Postgres should be good enough for 300GB, no?

wiredfool · 2024-10-22T21:19:07 1729631947

I had a postgres database where the main index (160gb) was larger than the entire equivalent clickhouse database (60gb). And between the partitioning and the natural keys, the primary key index in clickhouse was about 20k per partition * ~ 1k partitions.

Now, it wasn't a good schema to start with, and there was about a factor of 3 or 4 size that could be pulled out, but clickhouse was a factor of 20 better for on disk size for what we were doing.

marginalia_nu · 2024-10-22T20:36:42 1729629402

At least in my experience, that's about when regular DBMS:es kinda start to suck for ad-hoc queries. You can push them a bit farther for non-analytical usecases if you're really careful and have prepared indexes that assist every query you make, but that's rarely a luxury you have in OLAP-land.

tempest_ · 2024-10-22T19:35:51 1729625751

It depends, if you want to do any kind of aggregation, counts, or count distinct pg falls over pretty quickly.

notamy · 2024-10-22T18:58:21 1729623501

Probably, but Clickhouse has been zero-maintenance for me + my dataset is growing at 100~200GB/month.

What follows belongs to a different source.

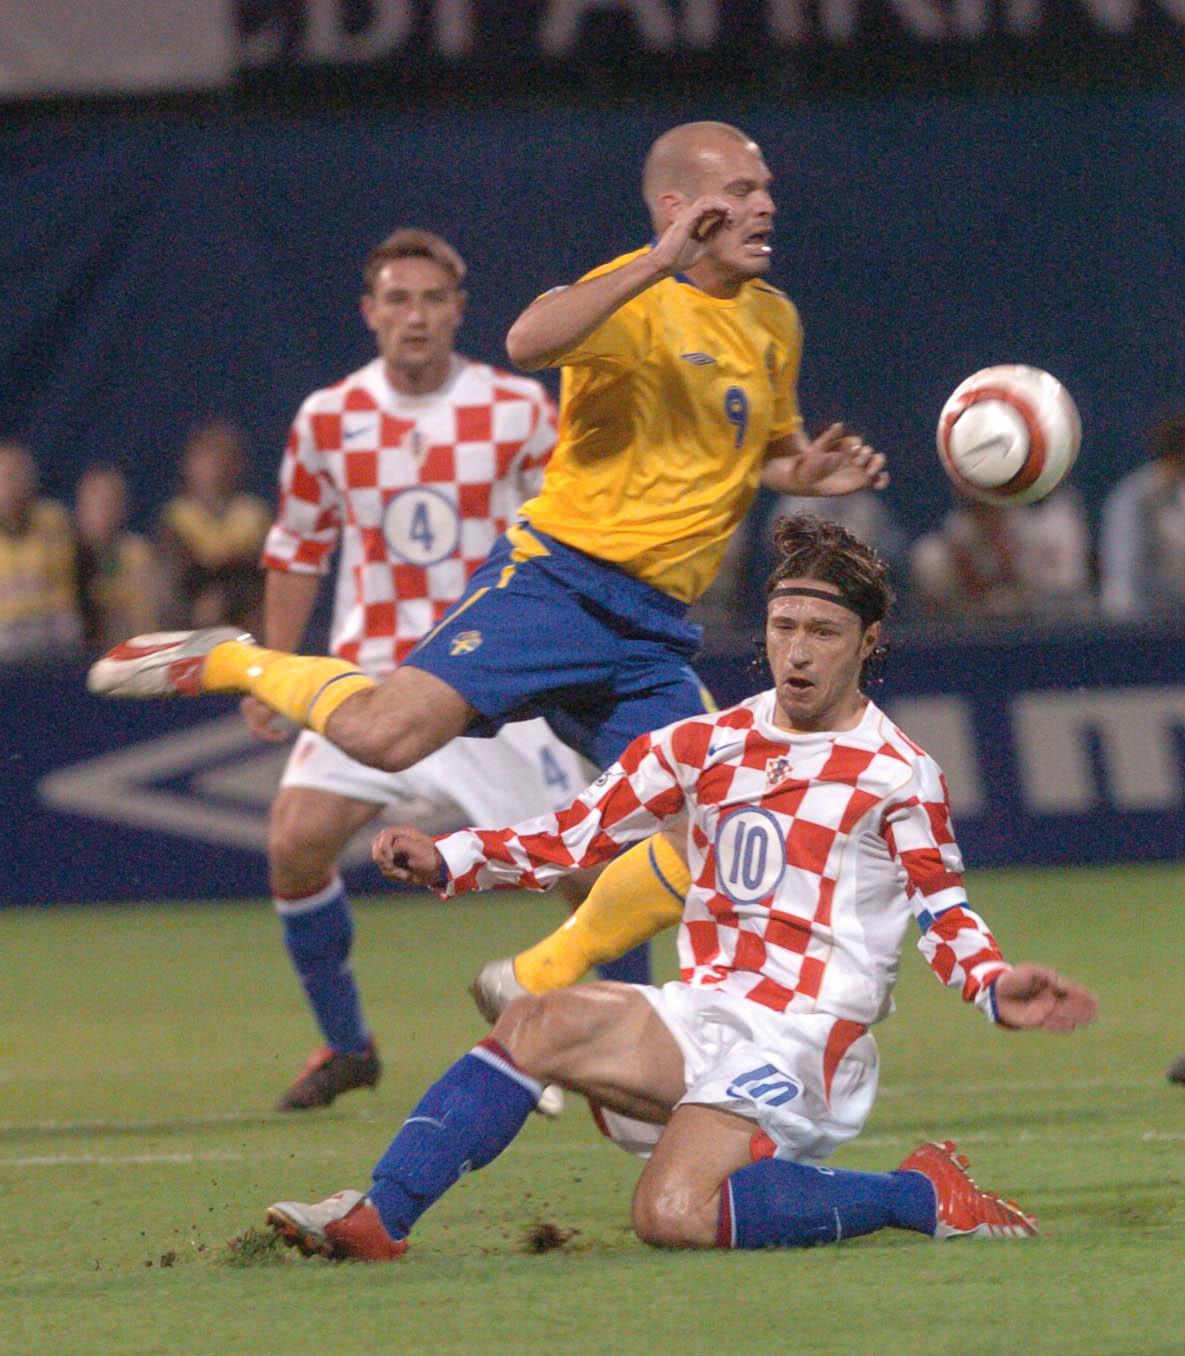 08.10.2005. Hrvatska - Svedska 1 - 0   Niko Kovac , Ljungberg   snimio N Dugi

Having the Clickhouse automatic compression makes me worry a lot less about disk space.

whalesalad · 2024-10-22T20:20:38 1729628438

For write heavy workloads I find psql to be a dog tbh. I use it everywhere but am anxious to try new tools.

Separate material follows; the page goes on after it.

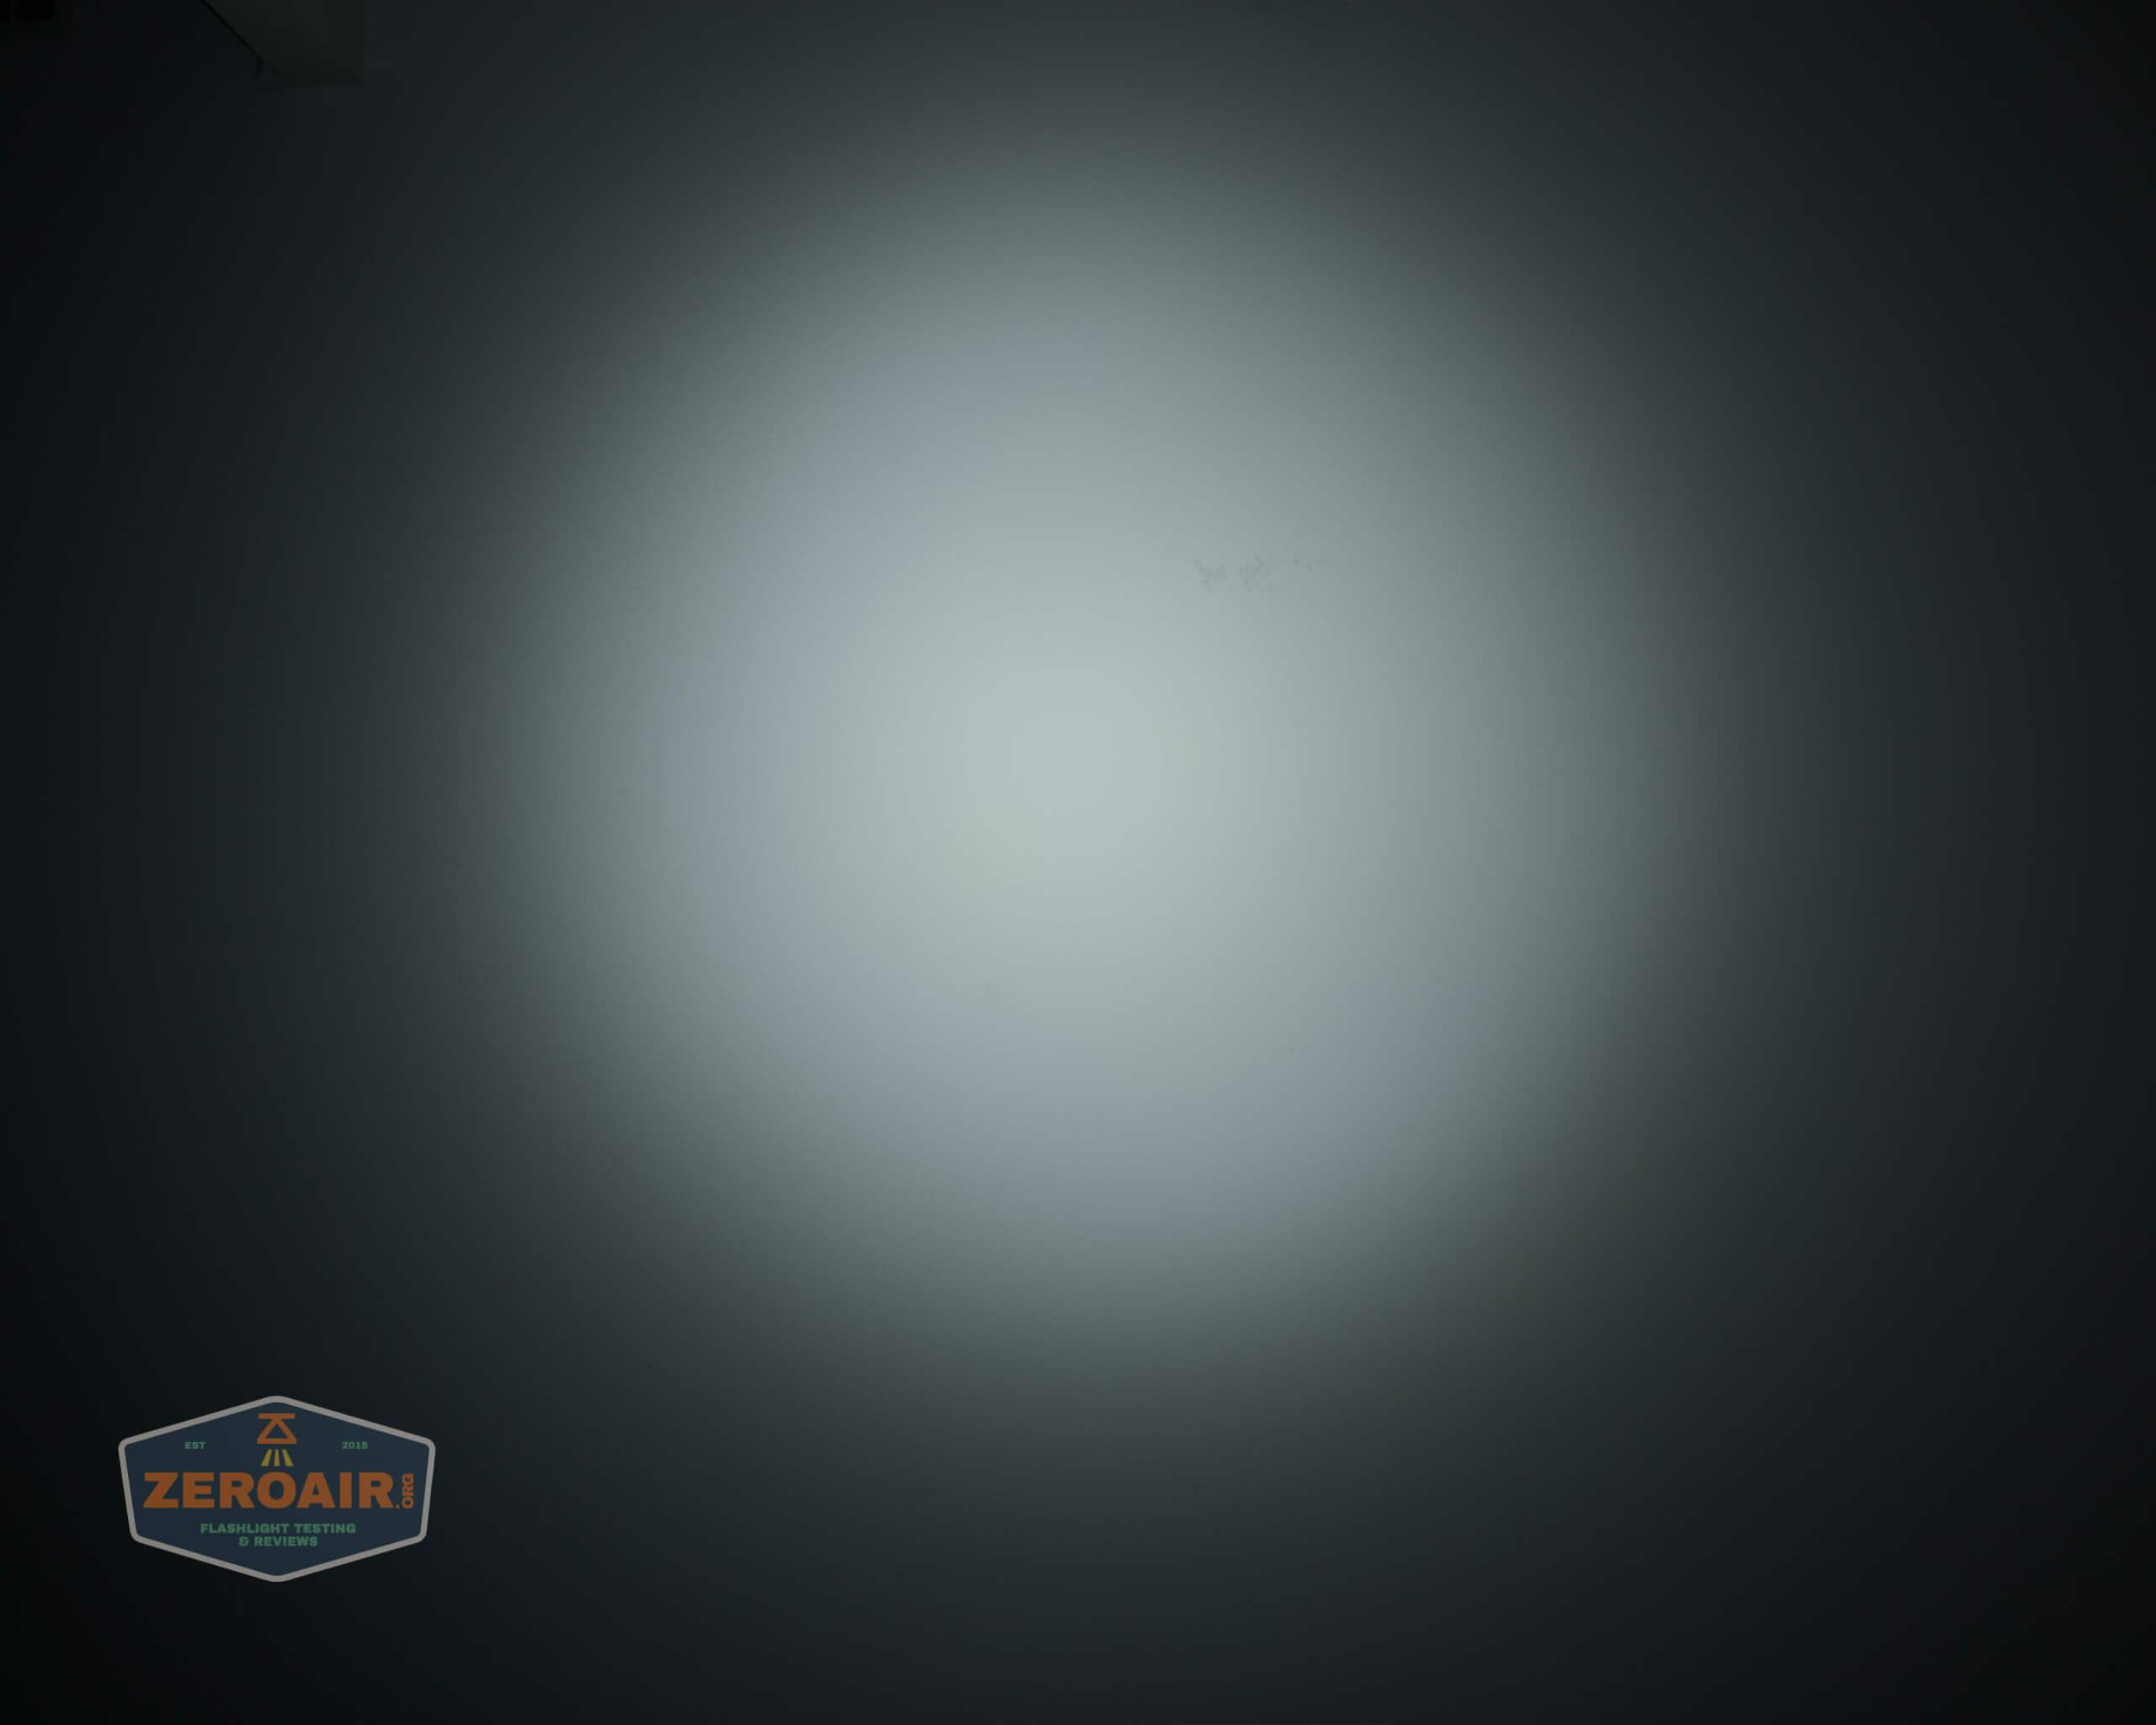 olight perun 2 21700 headlamp orange beamshot ceiling 4

For truly big data (terabytes per month) we rely on BigQuery. For smaller data that is more OLTP write heavy we are using psql… but I think there is room in the middle.

jacobsenscott · 2024-10-23T17:11:54 1729703514

Yes, but you're starting to get to the size where you need some real PG expertise to keep the wheels on. If your data is growing CH will just work out of box for a lot longer.